• **PROBLEM DETAILS**:
Word for word, retype the lines from the one containing "PSU Players Meet Fans Before Blue White Game" to the last line of the data below, both ends included.

** DATA TO USE follows **

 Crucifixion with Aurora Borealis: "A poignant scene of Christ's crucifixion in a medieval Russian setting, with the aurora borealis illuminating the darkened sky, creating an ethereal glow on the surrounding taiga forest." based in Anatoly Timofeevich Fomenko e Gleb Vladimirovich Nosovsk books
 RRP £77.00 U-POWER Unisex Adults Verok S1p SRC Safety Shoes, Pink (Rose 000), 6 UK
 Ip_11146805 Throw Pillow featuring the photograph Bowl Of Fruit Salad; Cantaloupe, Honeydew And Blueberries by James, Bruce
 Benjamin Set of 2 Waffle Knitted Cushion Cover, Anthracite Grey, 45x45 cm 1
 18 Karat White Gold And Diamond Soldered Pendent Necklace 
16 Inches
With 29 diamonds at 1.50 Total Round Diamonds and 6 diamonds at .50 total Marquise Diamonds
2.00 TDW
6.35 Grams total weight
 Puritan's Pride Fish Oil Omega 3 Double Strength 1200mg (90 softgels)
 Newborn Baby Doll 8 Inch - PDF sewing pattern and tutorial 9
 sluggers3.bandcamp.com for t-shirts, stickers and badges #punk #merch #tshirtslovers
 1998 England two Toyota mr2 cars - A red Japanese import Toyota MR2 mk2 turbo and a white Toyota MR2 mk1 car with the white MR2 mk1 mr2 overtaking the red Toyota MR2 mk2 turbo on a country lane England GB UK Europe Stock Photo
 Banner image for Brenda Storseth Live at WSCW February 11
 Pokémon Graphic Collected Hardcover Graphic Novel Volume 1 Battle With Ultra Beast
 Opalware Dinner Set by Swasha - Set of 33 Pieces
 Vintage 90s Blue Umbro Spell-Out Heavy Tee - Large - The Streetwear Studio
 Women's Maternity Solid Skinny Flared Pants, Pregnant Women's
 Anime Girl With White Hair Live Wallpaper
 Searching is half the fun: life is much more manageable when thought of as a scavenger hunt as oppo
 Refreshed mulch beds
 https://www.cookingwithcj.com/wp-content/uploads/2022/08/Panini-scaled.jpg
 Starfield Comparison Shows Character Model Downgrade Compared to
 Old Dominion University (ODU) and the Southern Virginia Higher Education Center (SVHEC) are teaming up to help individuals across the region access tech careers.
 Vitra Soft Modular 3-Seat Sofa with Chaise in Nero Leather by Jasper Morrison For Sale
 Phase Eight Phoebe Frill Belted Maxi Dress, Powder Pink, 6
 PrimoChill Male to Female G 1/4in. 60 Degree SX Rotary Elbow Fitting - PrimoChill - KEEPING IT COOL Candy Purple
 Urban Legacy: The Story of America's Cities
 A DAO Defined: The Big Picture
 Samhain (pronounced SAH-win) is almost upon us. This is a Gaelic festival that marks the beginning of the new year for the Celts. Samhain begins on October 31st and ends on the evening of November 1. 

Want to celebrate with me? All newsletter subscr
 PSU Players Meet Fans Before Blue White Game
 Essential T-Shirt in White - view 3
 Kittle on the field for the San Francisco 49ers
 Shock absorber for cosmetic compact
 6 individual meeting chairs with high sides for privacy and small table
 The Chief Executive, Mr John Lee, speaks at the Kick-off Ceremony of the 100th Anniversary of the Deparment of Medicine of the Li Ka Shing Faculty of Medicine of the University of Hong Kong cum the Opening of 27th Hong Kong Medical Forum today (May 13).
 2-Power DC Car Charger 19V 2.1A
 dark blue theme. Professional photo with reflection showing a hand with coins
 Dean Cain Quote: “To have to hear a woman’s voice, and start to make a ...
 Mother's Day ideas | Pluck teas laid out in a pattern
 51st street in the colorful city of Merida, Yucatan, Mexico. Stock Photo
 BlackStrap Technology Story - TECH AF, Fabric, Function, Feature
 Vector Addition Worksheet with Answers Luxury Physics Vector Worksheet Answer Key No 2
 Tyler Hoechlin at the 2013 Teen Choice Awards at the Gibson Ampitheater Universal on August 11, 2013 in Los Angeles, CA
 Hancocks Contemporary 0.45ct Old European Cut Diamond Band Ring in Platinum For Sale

** End of DATA TO USE **

• **EXPECTED ANSWER**:
 PSU Players Meet Fans Before Blue White Game
 Essential T-Shirt in White - view 3
 Kittle on the field for the San Francisco 49ers
 Shock absorber for cosmetic compact
 6 individual meeting chairs with high sides for privacy and small table
 The Chief Executive, Mr John Lee, speaks at the Kick-off Ceremony of the 100th Anniversary of the Deparment of Medicine of the Li Ka Shing Faculty of Medicine of the University of Hong Kong cum the Opening of 27th Hong Kong Medical Forum today (May 13).
 2-Power DC Car Charger 19V 2.1A
 dark blue theme. Professional photo with reflection showing a hand with coins
 Dean Cain Quote: “To have to hear a woman’s voice, and start to make a ...
 Mother's Day ideas | Pluck teas laid out in a pattern
 51st street in the colorful city of Merida, Yucatan, Mexico. Stock Photo
 BlackStrap Technology Story - TECH AF, Fabric, Function, Feature
 Vector Addition Worksheet with Answers Luxury Physics Vector Worksheet Answer Key No 2
 Tyler Hoechlin at the 2013 Teen Choice Awards at the Gibson Ampitheater Universal on August 11, 2013 in Los Angeles, CA
 Hancocks Contemporary 0.45ct Old European Cut Diamond Band Ring in Platinum For Sale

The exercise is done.